Protected by a heritage overlay and named a historic landmark on the Chaffey Trail, however, Valetta remains, and it remains a private home.

It’s also for sale for the first time in a generation.

At Sunraysia Daily, this story started out as a simple tale of an old house going on the market. It was supposed to be just a few interesting paragraphs and a couple of pretty photographs.

We had arranged to talk to the vendor, Brian Bleeser, but first we dropped in to last Saturday’s open inspection and bumped into a bloke called Geoff Dickson, who said he was just there “for a stickybeak” because Valetta had once been in his family, his mum had grown up there and had fond childhood memories of the place himself.

Before long, we were exploring the cellar with Geoff as he searched for, and eventually found, markings he and other young family members had left in the woodwork.

Not long after that, it was decided that his mum should come along to our meeting with Brian.

So a day later, there we were, with tea, cake and biscuits, as well as cherished, if hazy and disjointed, memories of little things that had happened long ago.
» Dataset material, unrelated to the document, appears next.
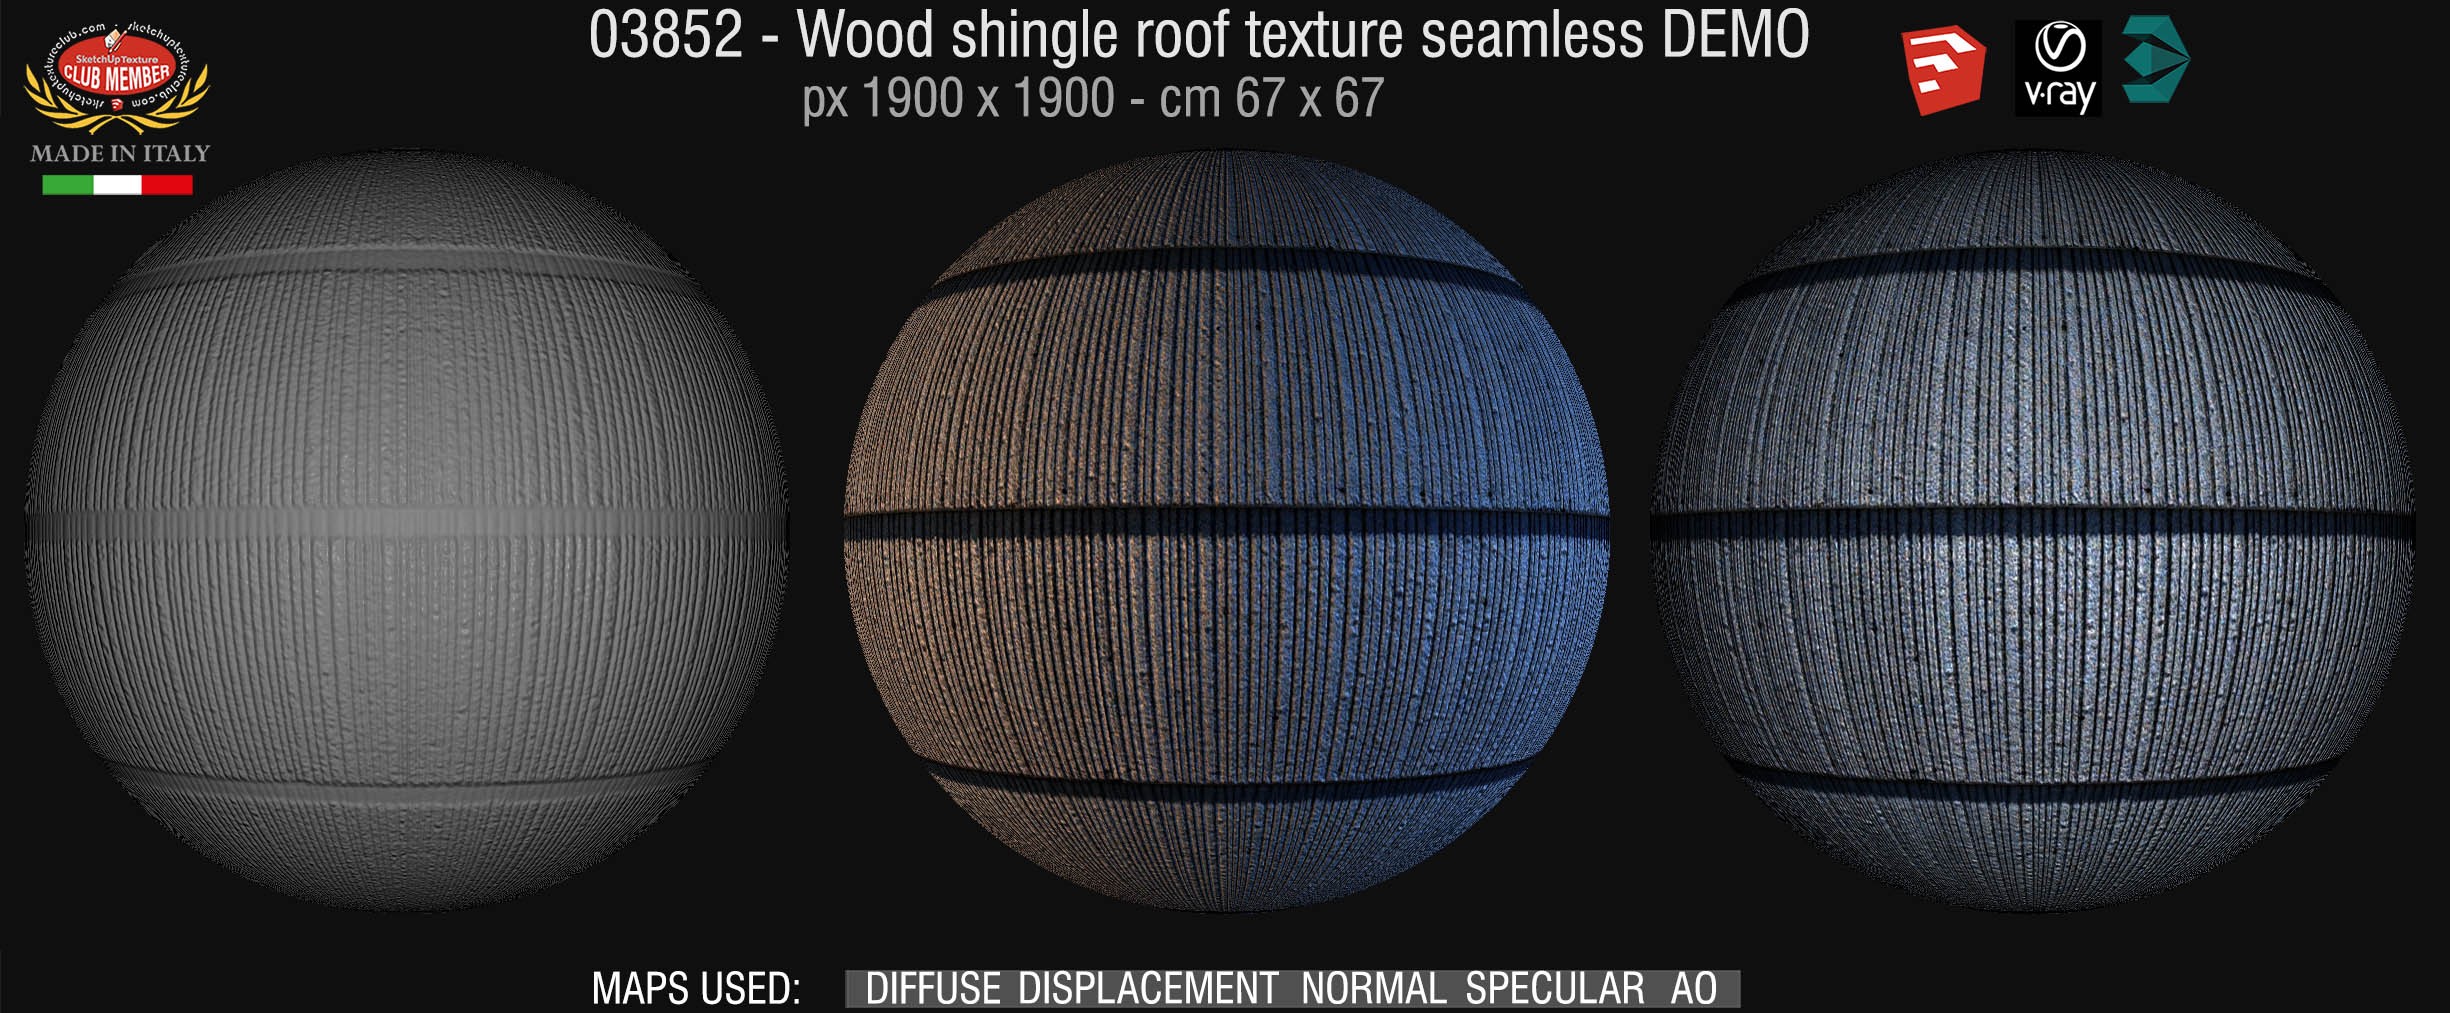 03852 Wood shingle roof texture seamless + maps DEMO

If you’ve ever been to a big family reunion, you know the sort of thing.

There was Geoff with his mum, Lyn Spence, 87, and Brian had brought his daughters.
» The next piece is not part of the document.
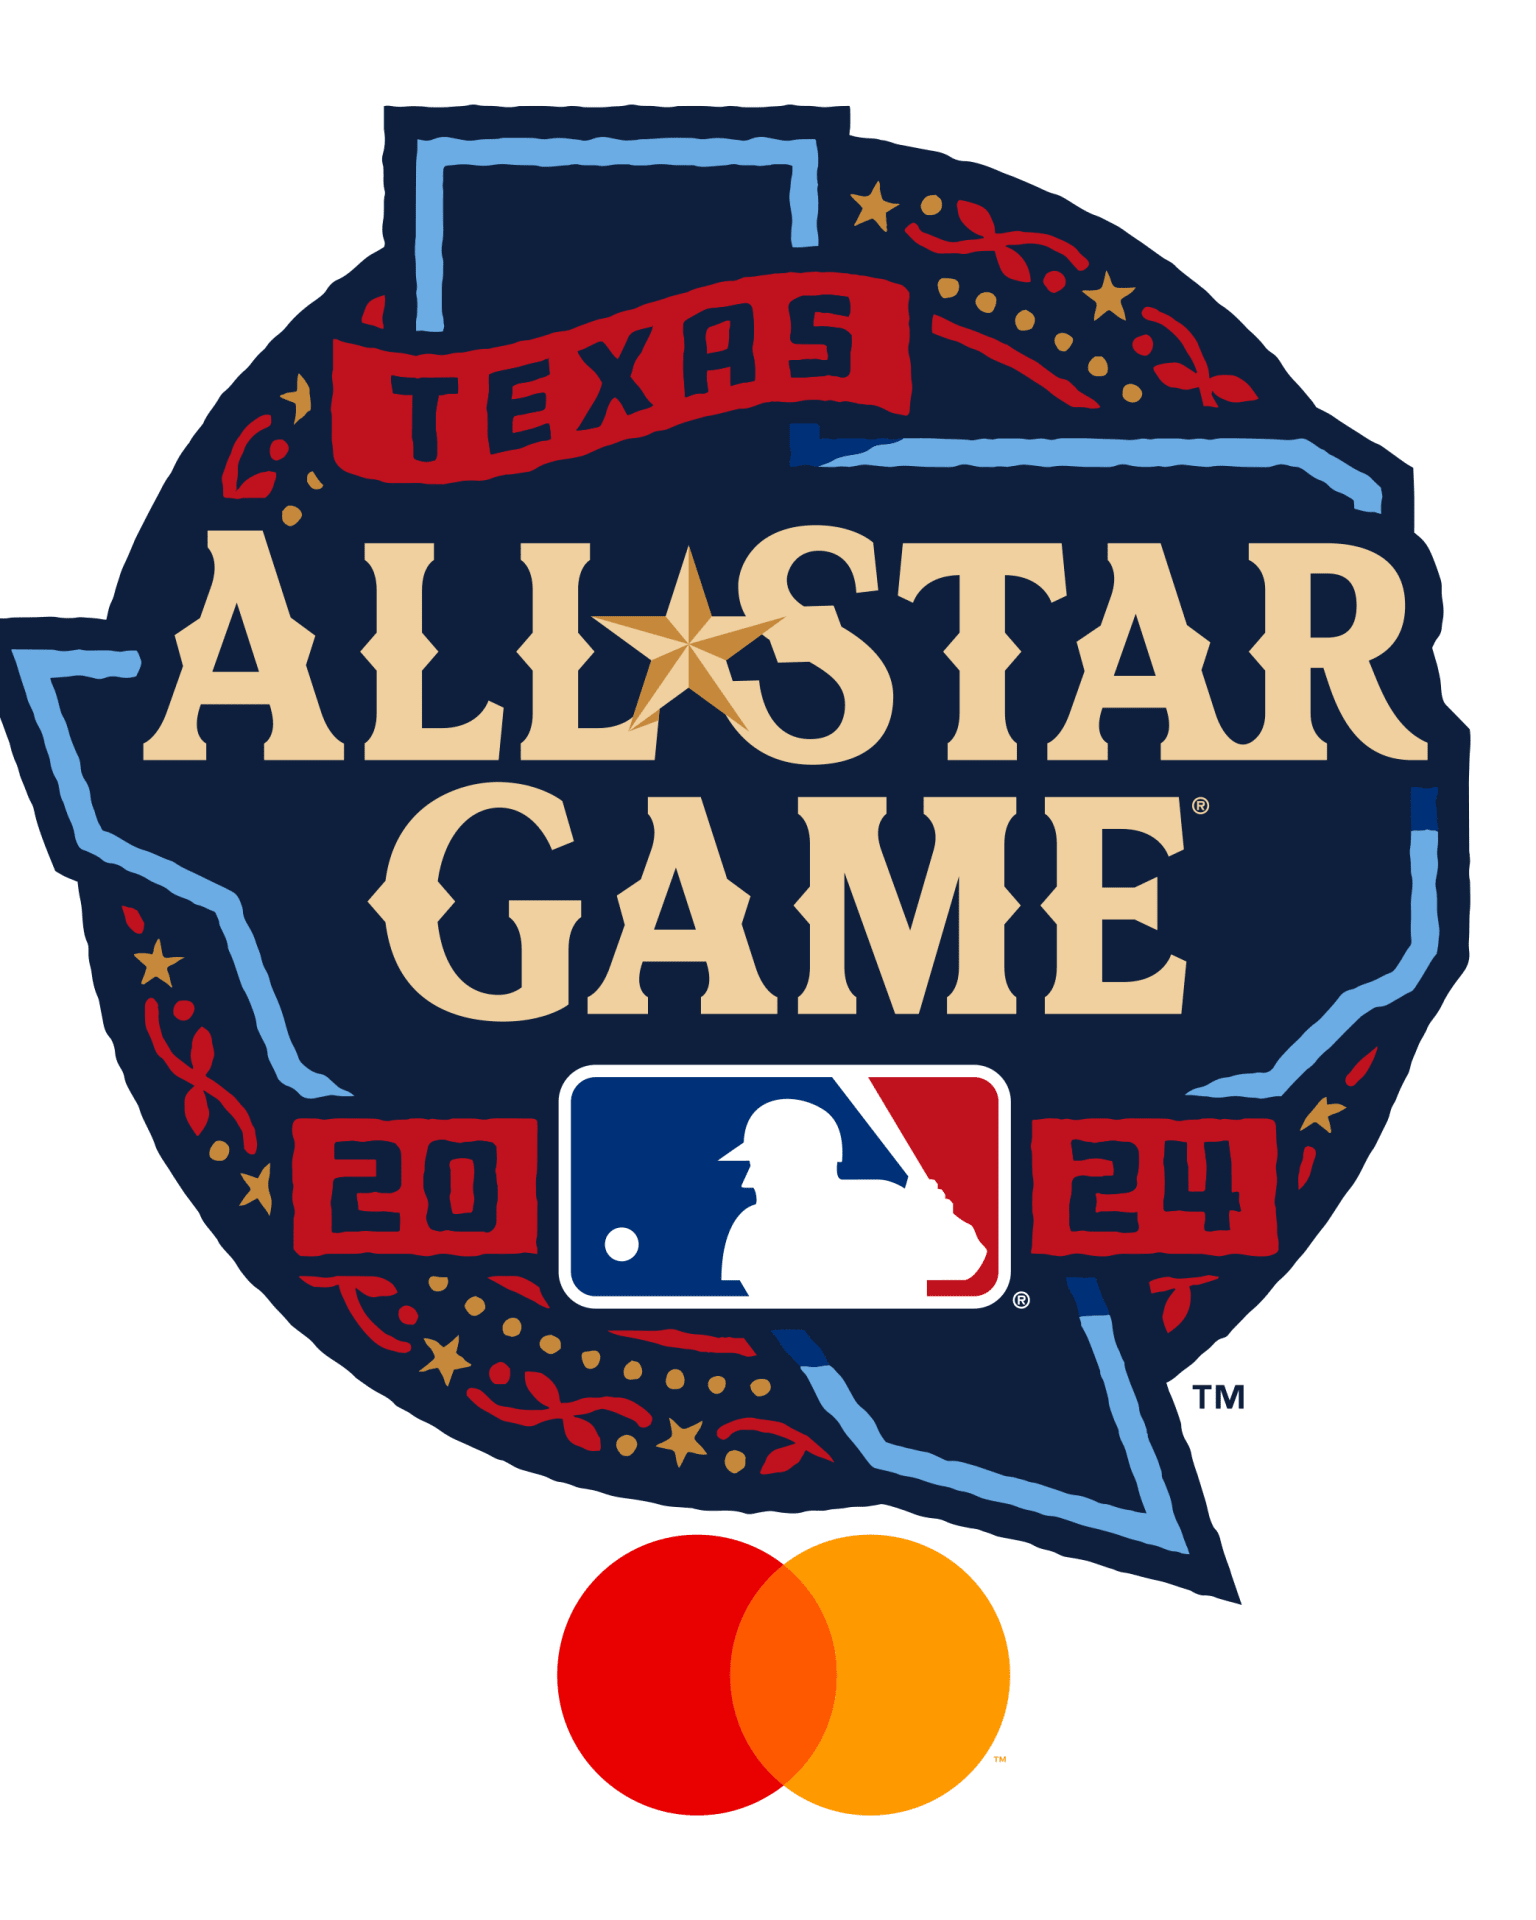 MLB AllStar Game

All had some sort of a connection to Valetta, but Lyn’s link to the property’s distant past seemed strongest because her grandfather had bought it from the original owners, so we asked her to begin.
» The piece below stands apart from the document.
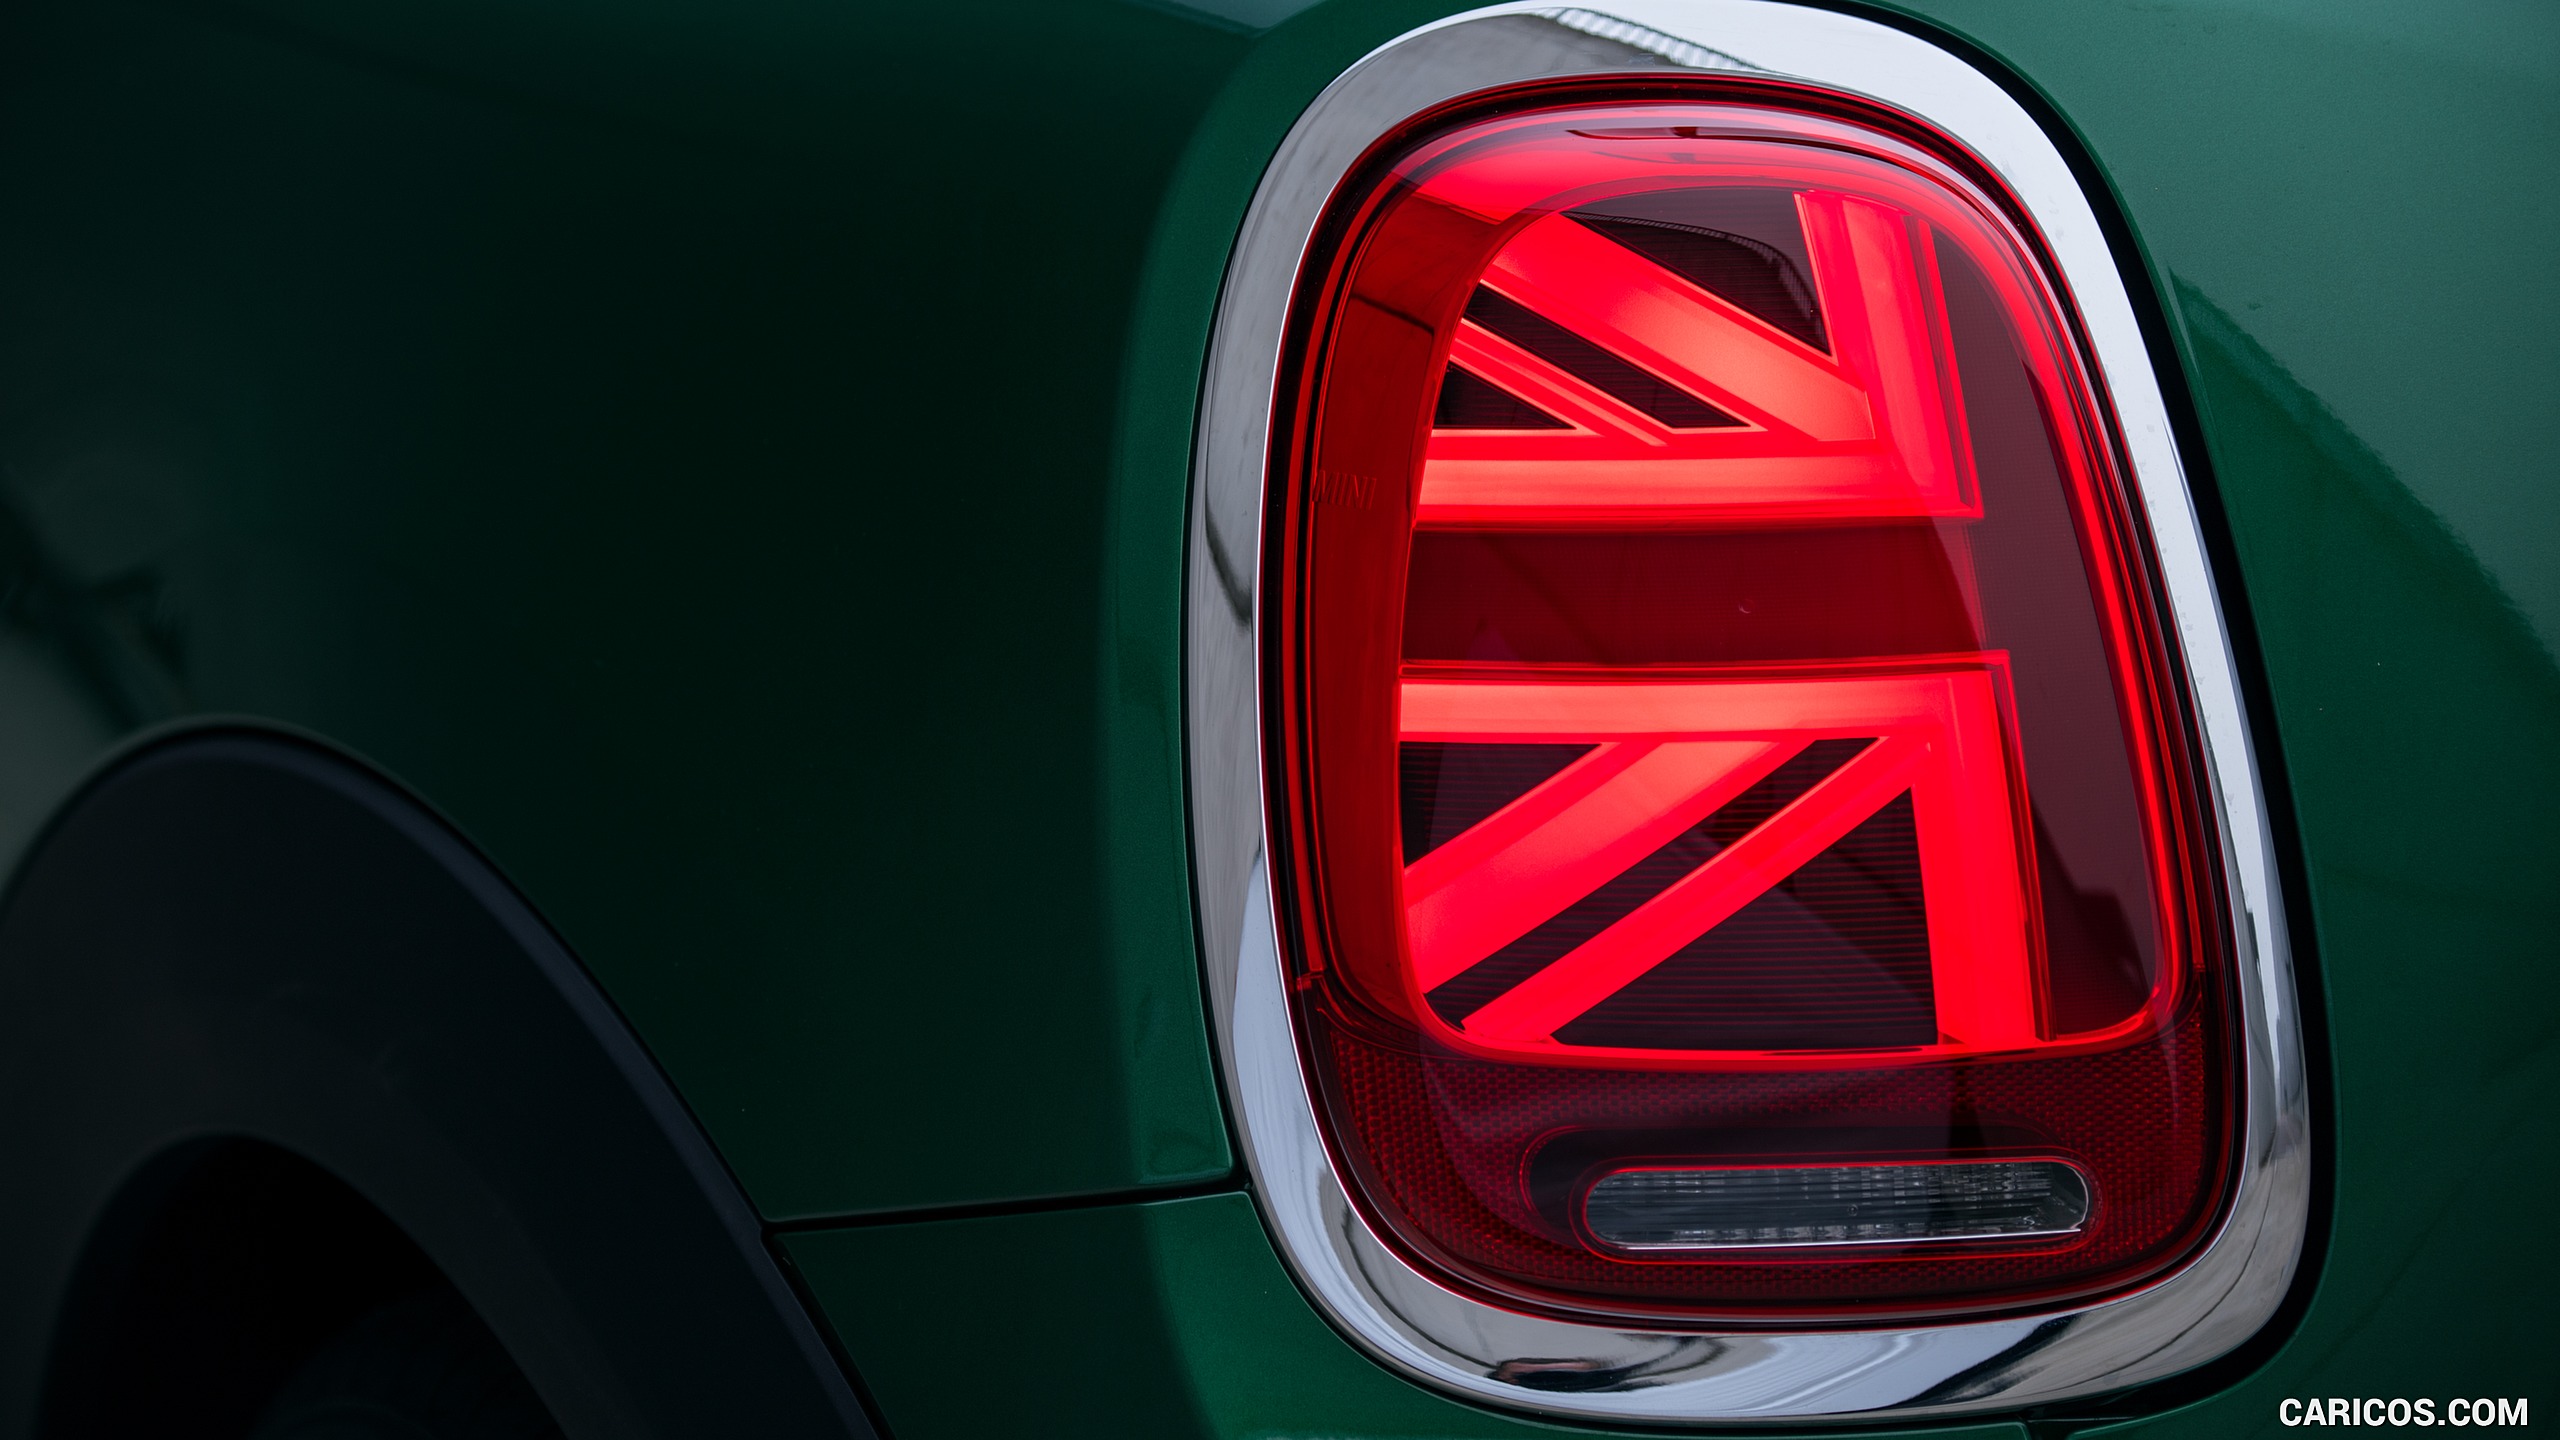 2019 MINI Cooper 3-Door 60 Years Edition - Tail Light, #68 of 102

“When grandfather Hawkes died, Nan was on her own here … and Mum moved in to be a companion for Nan, so consequently me and my sister lived here from when we were born,” said Lyn, who was born a McKenzie.

She said her family had been very proud of the history of the home, which had been designed Mr D. T. Edmunds, the builder of the Chaffey home of Rio Vista.

It was her own family’s history that had meant the most to her, though, as that grandfather, Fred Hawkes, had been one of the pioneers of the Mildura horticultural industry after leaving England and a previous career travelling with the P&O shipping company.

It is believed he was the home’s second owner and gave it its name because of happy times he had spent in the capital of Malta.

The spelling of that city’s name is Valletta, but the house dates from a time when the variation was common.

Mr Hawkes became a prominent member of early Mildura society and, according to a front-page story in Sunraysia Daily on March 22 1924, Valetta “lends itself admirably to outdoor entertainments, owing to being charmingly situated in the midst of beautifully kept lawns”.

The story was about a garden fete hosted by the family that week in support of the Red Cross.

Lyn’s recollections are, by her own admission, not as clear as a newspaper archive and they’re not the sort of record you’d find in a history book.

They are personal memories, often of little things such as the leadlight bird with a worm adorning an inner door.

“Hello, birdy,” she said as she walked through the doorway, much as she might have done as a little girl.

Brian didn’t grow up at the house but he is 93, has lived much of Mildura’s history and, having grown up in a grand residence on the riverside site of what is now Baldwin Boats, he later owned the house next next door to Valetta.

When Lyn’s family put it up for sale in the 1990s, he jumped at it.

He had wanted a house with a bit of history and was also keen to make sure it couldn’t be knocked down for a new development, but he did get heritage approval to build a new back section, with a modern kitchen and bathroom, in a colonial style sympathetic to the original structure.

The original house now is certainly liveable but in a state of suspended renovation.

There’s painting to be done, the odd crack to be filled, and skirting boards waiting to go back on after some anti-termite work.

Brian would like to see someone strip back all the woodwork, though, because he knows there is magnificent timber underneath.

According to Chaffey Trail information, it was the responsibility of a Mr Kells, who also worked on the interior of Rio Vista.

“I wanted to get all the timber back to the original … but I didn’t have the money to do a great deal,” Brian said.

Valetta is for sale through Professionals Mildura Real Estate.